┌──
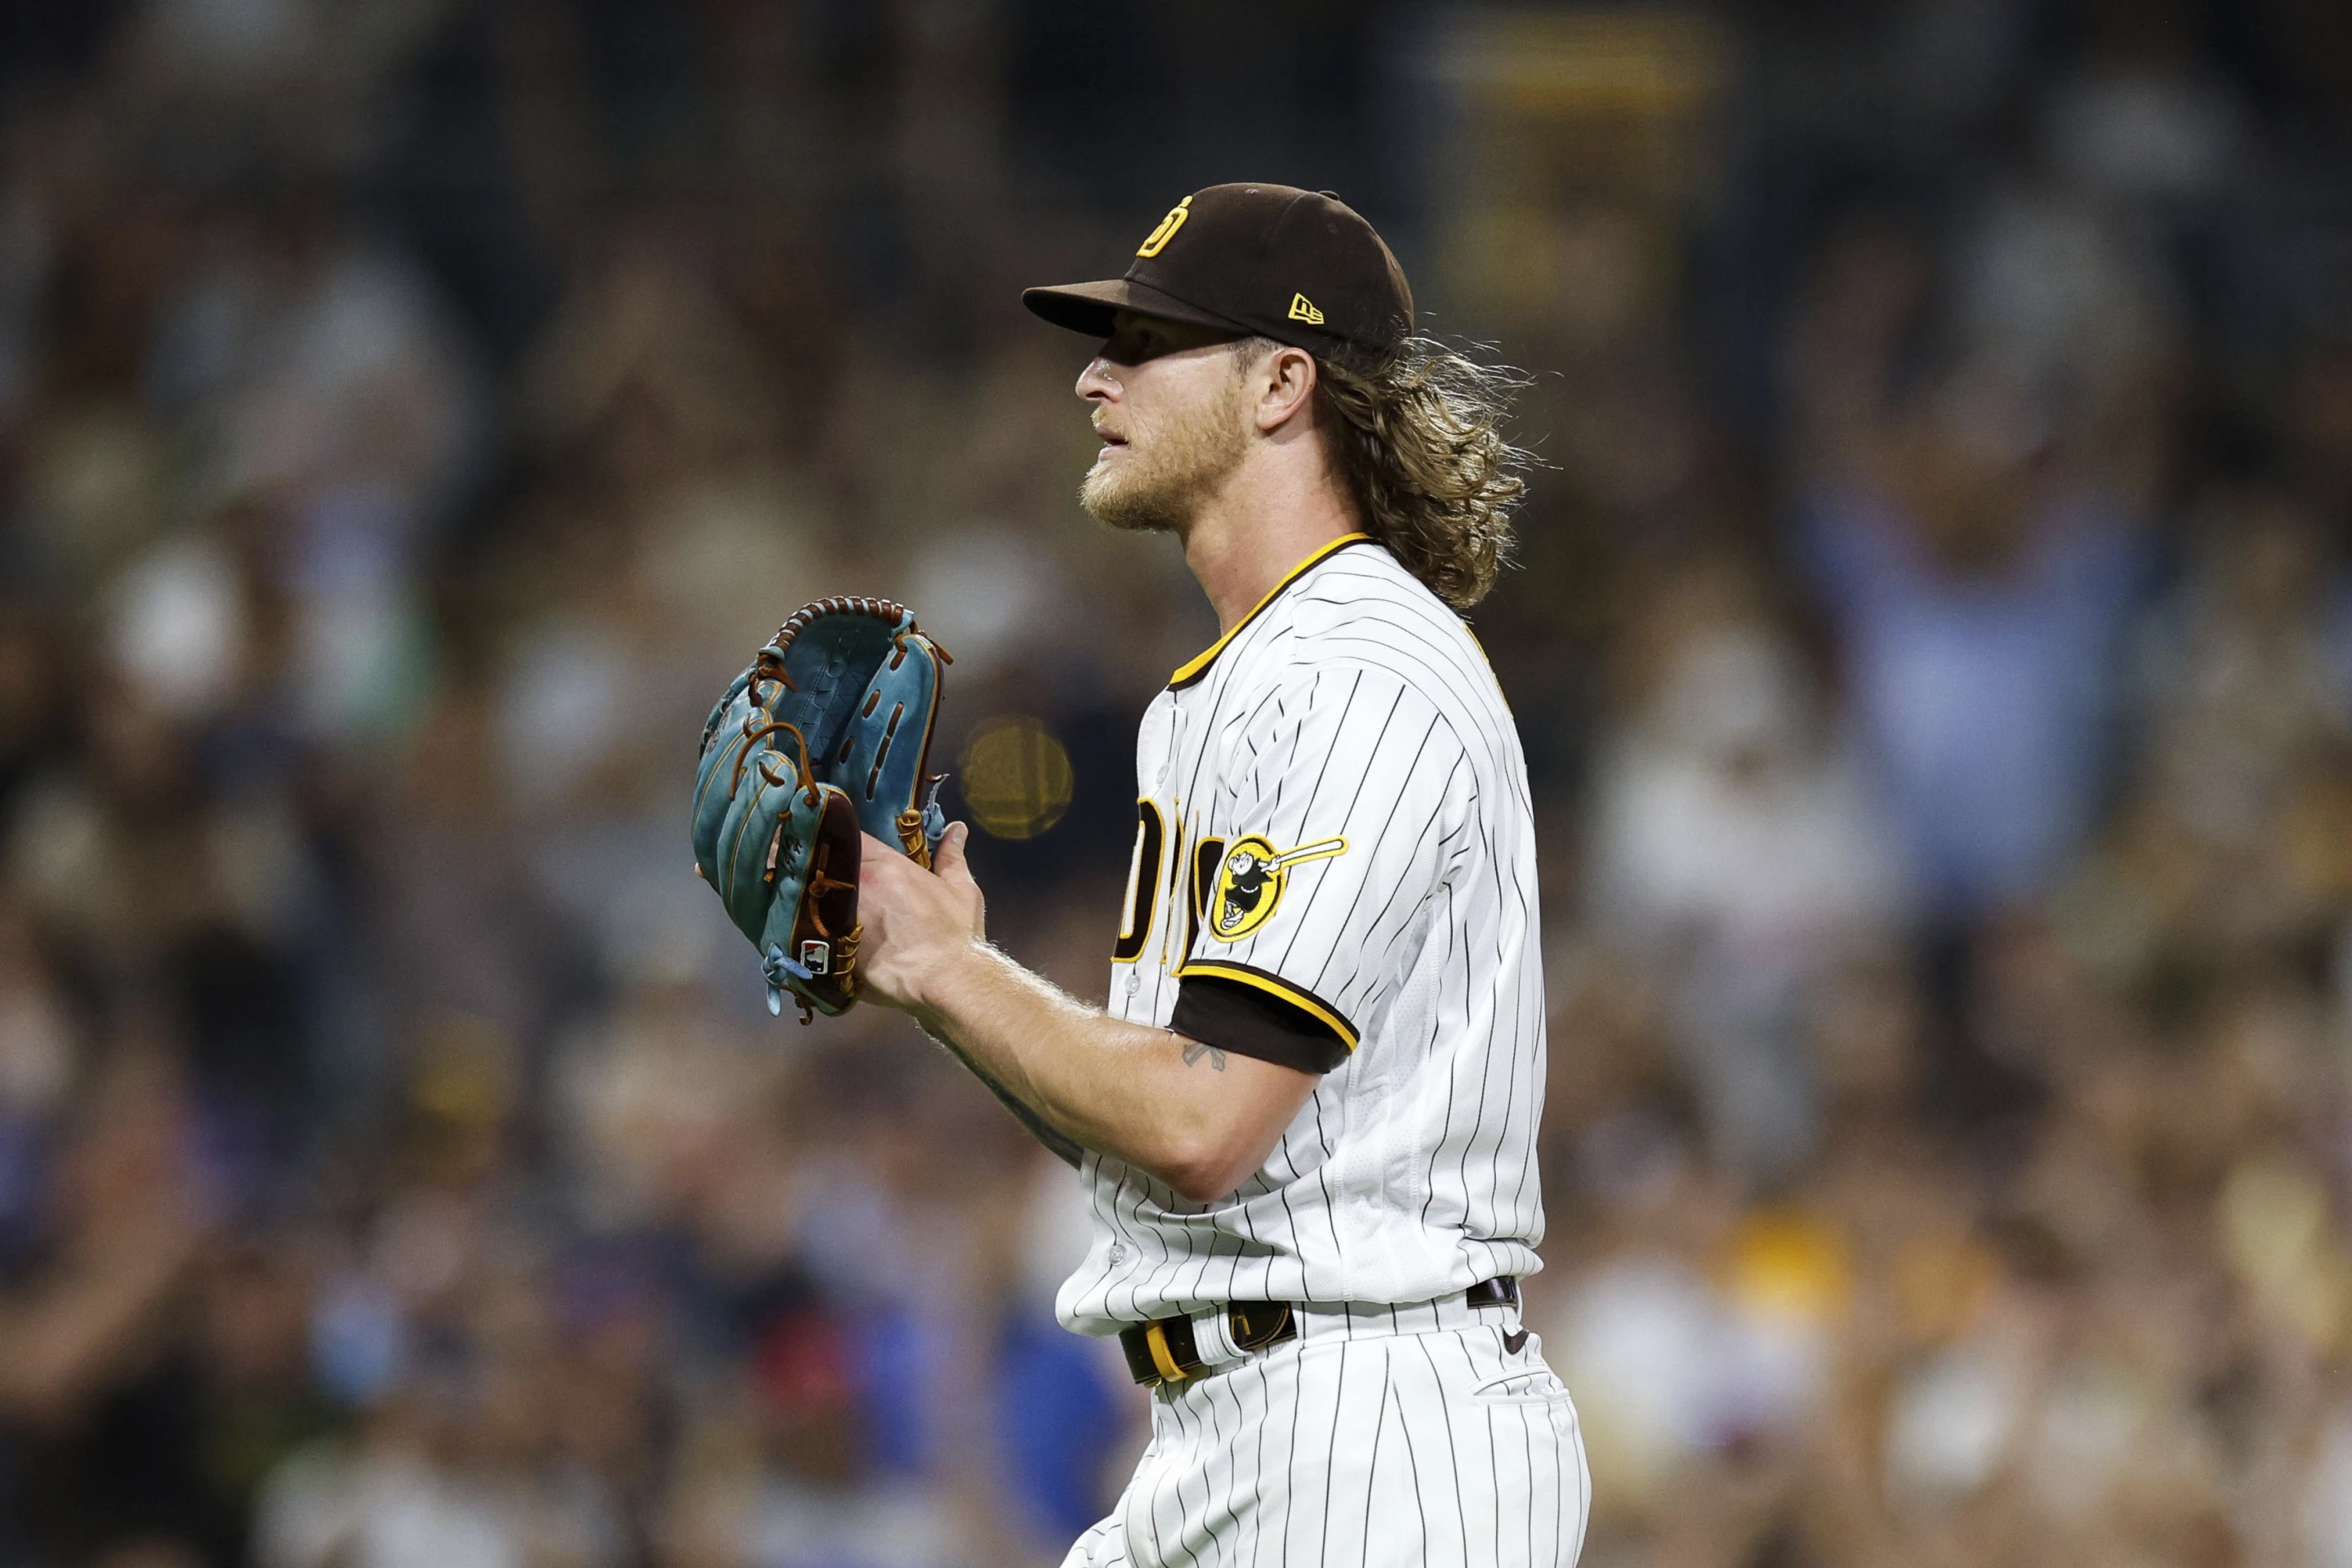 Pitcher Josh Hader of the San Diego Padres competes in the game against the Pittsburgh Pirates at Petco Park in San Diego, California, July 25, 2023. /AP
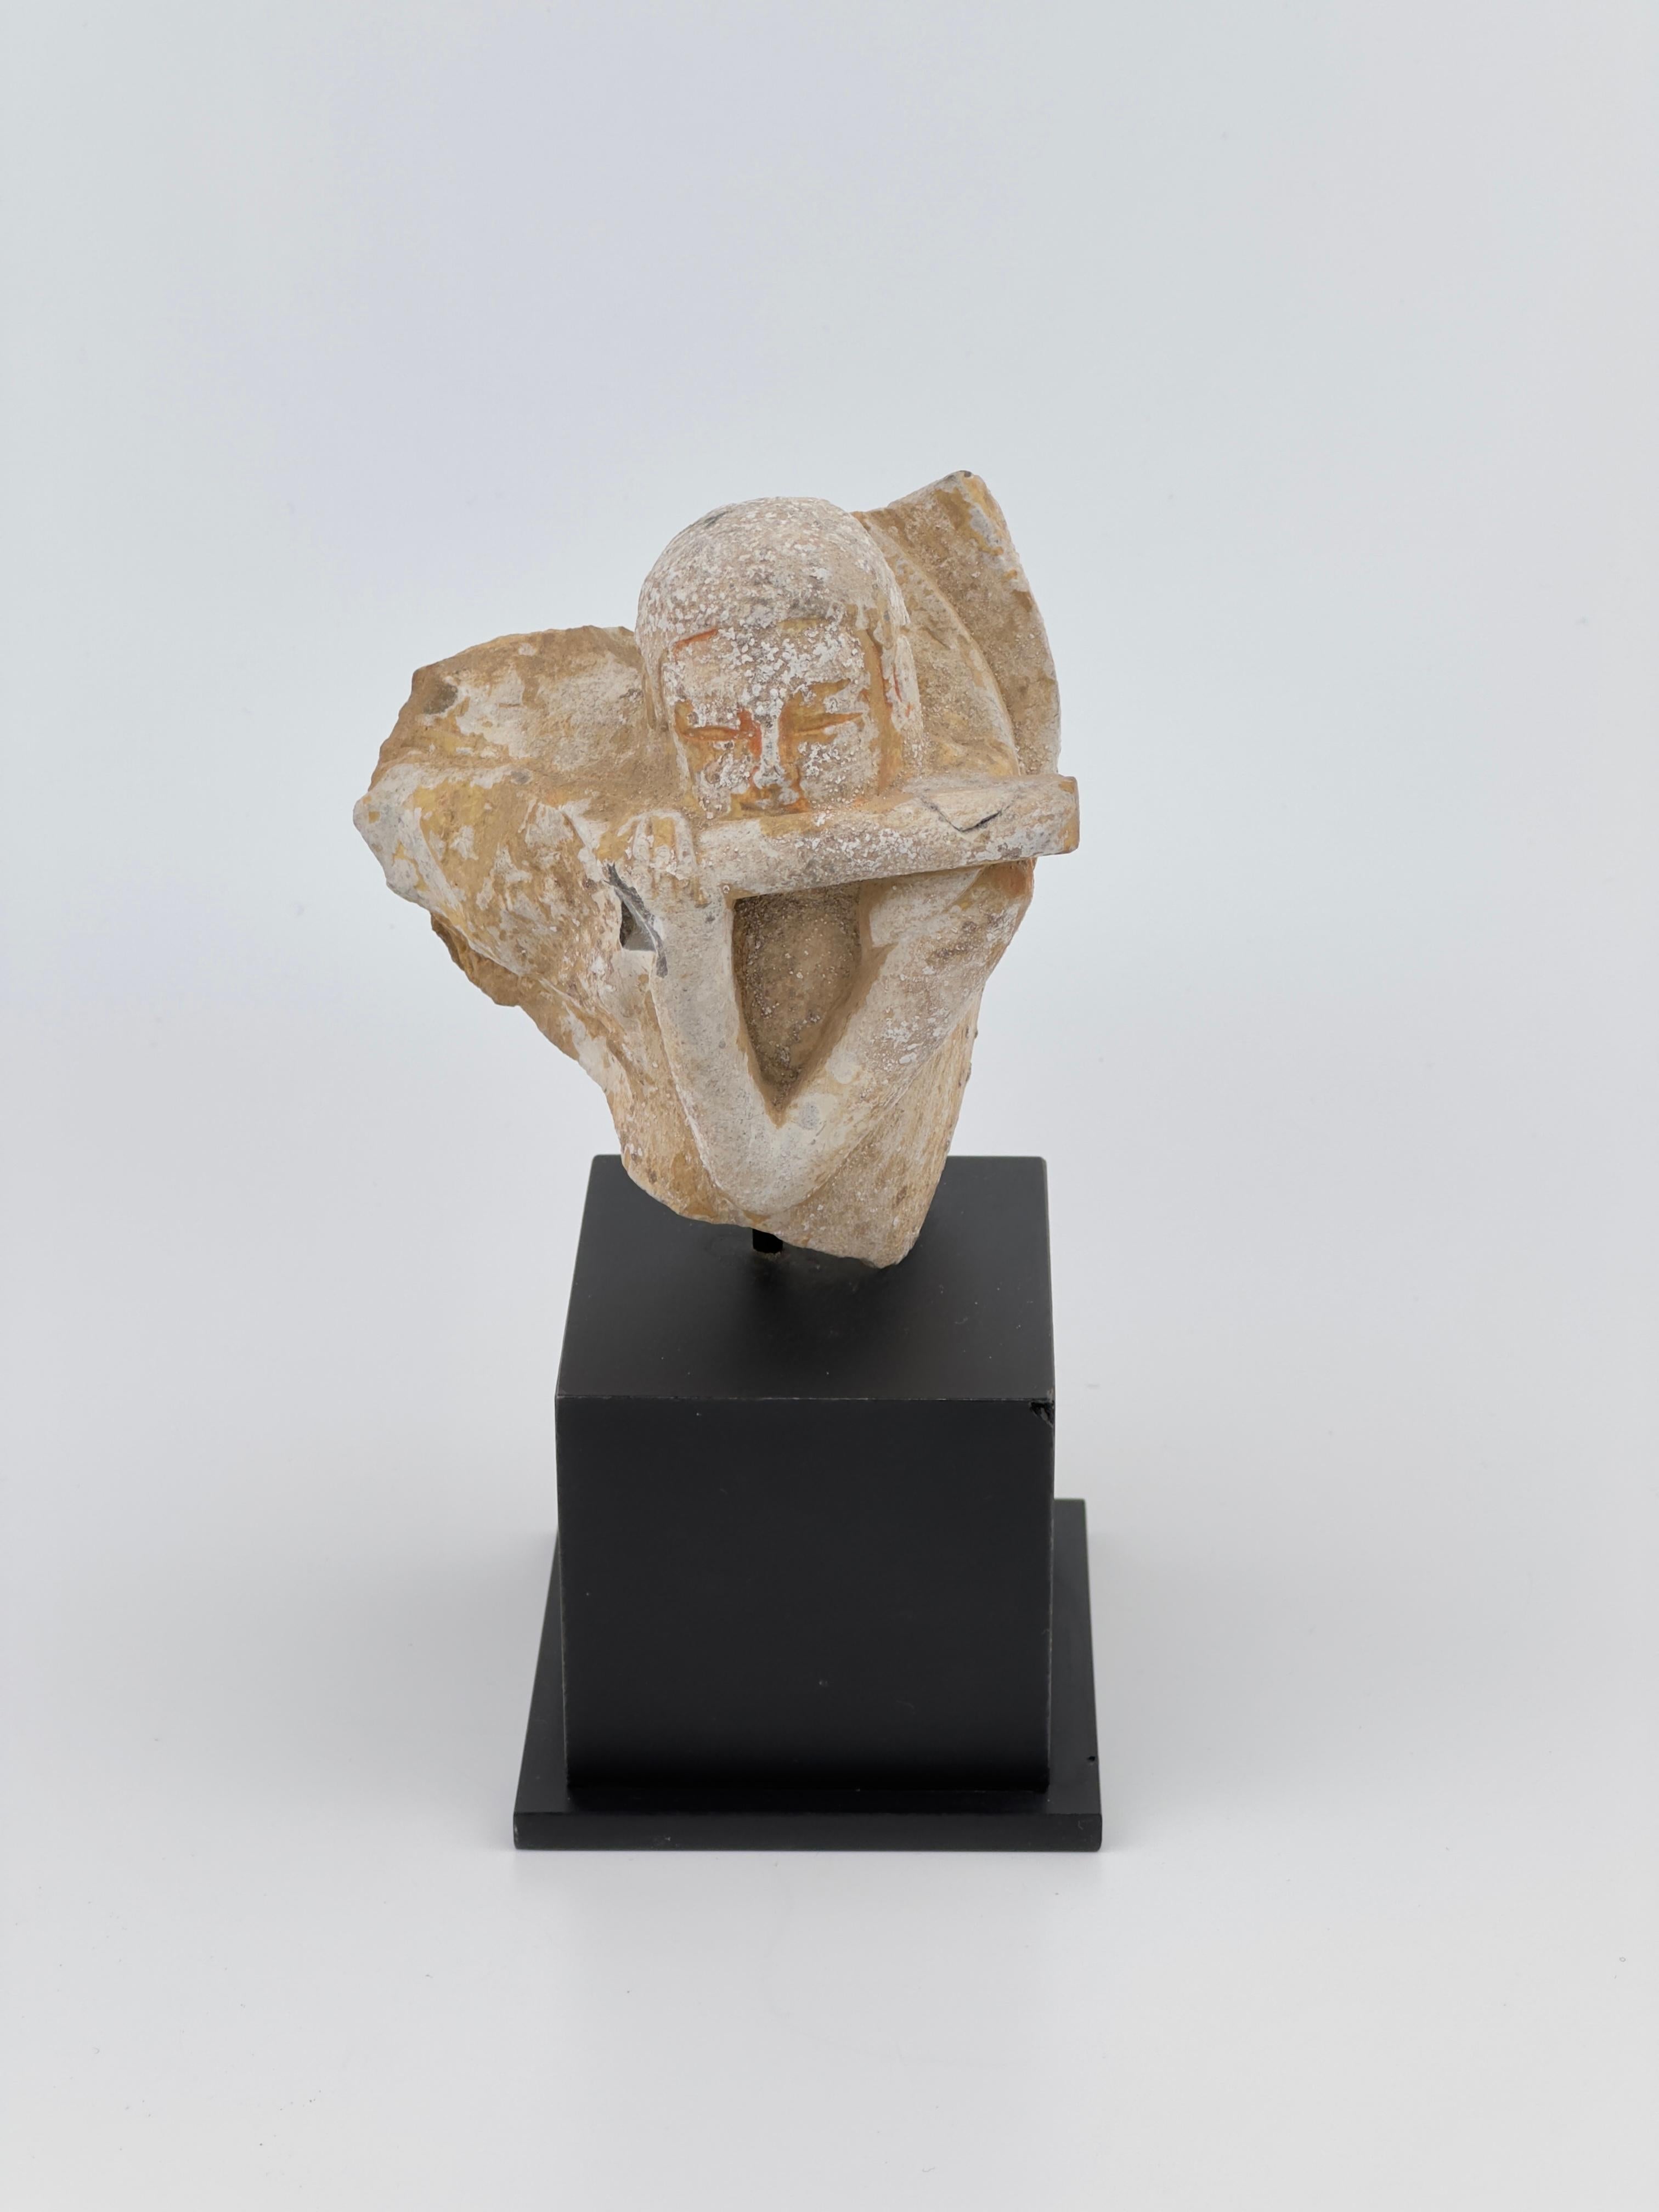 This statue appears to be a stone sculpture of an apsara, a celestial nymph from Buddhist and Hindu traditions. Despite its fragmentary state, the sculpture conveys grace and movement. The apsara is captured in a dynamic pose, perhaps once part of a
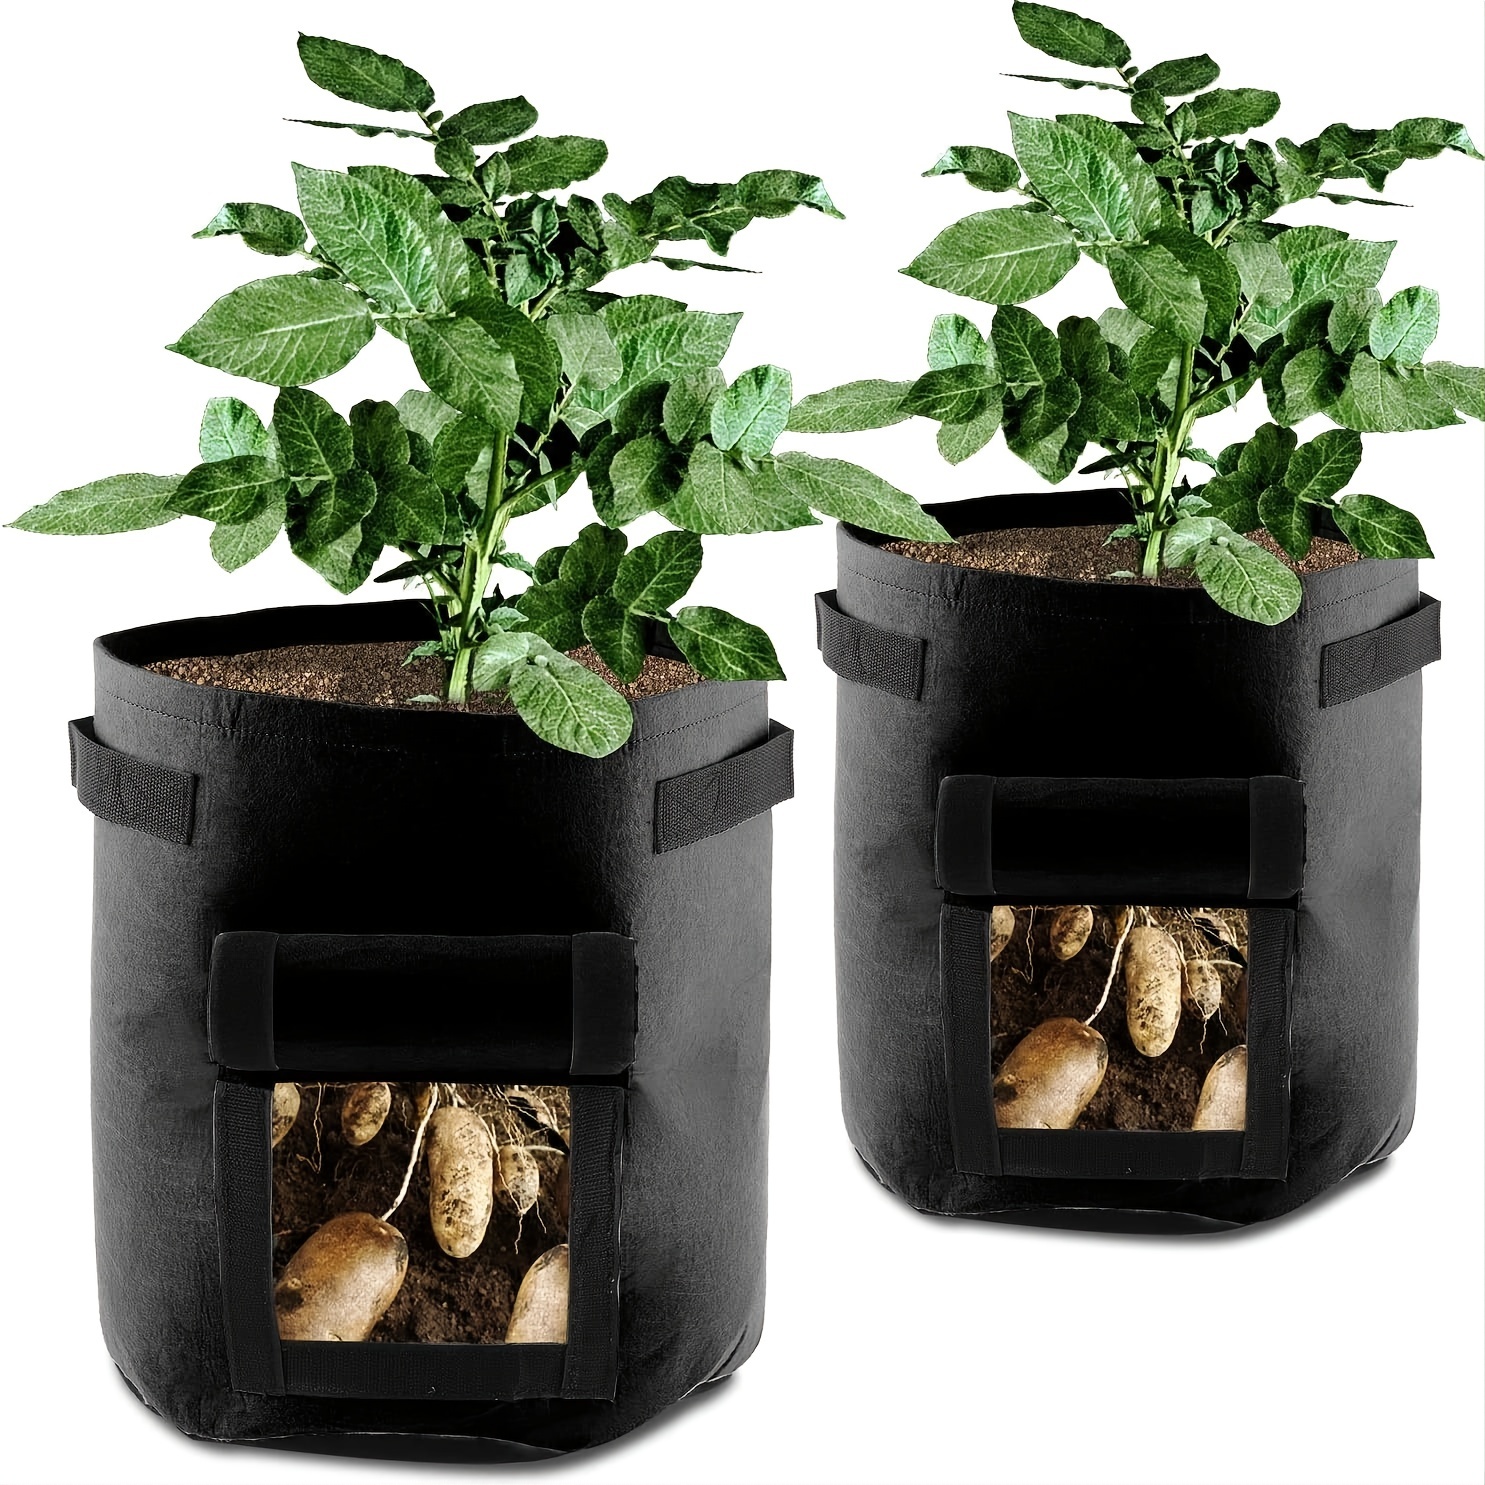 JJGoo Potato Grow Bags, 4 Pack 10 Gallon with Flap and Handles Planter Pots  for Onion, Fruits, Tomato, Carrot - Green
└──
Quote the data exactly, leaving every image out of the copy.

## TASK RESULT
 Pitcher Josh Hader of the San Diego Padres competes in the game against the Pittsburgh Pirates at Petco Park in San Diego, California, July 25, 2023. /AP
 This statue appears to be a stone sculpture of an apsara, a celestial nymph from Buddhist and Hindu traditions. Despite its fragmentary state, the sculpture conveys grace and movement. The apsara is captured in a dynamic pose, perhaps once part of a
 JJGoo Potato Grow Bags, 4 Pack 10 Gallon with Flap and Handles Planter Pots  for Onion, Fruits, Tomato, Carrot - Green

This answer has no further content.